Long before he finished his conversation, the others took refuge in Mary’s car to enjoy the heater, the CD player, and one another’s company, during which it wasn’t entirely clear which of the women was chaperoning the other. At length Doyle unceremoniously climbed into the back seat with Roger.
“The plates were ordered,” he said, “by somebody in Anchorage calling himself Ari Simonides. Which even I can figure out is probably Greek for ‘Archer Smythe.’ ”
“Sure,” agreed Ashleigh, “but I think maybe you’ve got it... backside foremost. I mean, Simonides is his real name—”
“Whatever. Anyway he owned a car dealership up there, which he’d obviously been using as a cover for his drug-dealing operation. The stuff was probably coming in over the Pole from Asia. The wonder is that he crossed two borders with it week after week and never got caught.” He turned his attention to Roger, who was scrolling through images on his digital camera with mounting concentration. “Something interesting?”
“See what you think. These are all prints left on different parts of the coupe by a thumb in a canvas glove — a glove with little gobs of wax or glue that had soaked into the fabric and hardened. These marks are every bit as distinctive as the ridge pattern of a naked thumb.”
“What do you think? Do we have a prima facie case or do we need a warrant?”
Roger looked at his watch. “You’re the copper. I’d say frontal attack before he shuts down for the weekend.”
He locked Smythe/Simonides’s car, leaving a NO trespassing notice on the dashboard. Then the three-car motorcade returned to AAA Upholstery. When they got there Mary, by police order, maintained a prudent distance to the rear. Roger went around to the street entrance of the upholstery shop while Doyle knocked at the back door. They were inside for a long time, during which Ashleigh had visions of Roger being slashed to ribbons with one of those savage-looking knives she’d seen on Mack Bogenrife’s workbench.

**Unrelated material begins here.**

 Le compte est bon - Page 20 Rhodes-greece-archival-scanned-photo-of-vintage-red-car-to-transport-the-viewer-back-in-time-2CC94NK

Finally the officers reappeared, with Bogenrife in handcuffs, and bundled him into the back seat of Doyle’s cruiser. Tredwyn threw a beguiling grin of triumph in the direction of the Deventers and waved a brown paper sack that looked as if it might contain a pair of canvas work gloves, if not indeed a quantity of cocaine as well.
Doyle, trying to persuade himself that none of Ashleigh’s juvenile inspirations had had any real influence on the outcome of the case, cut them dead.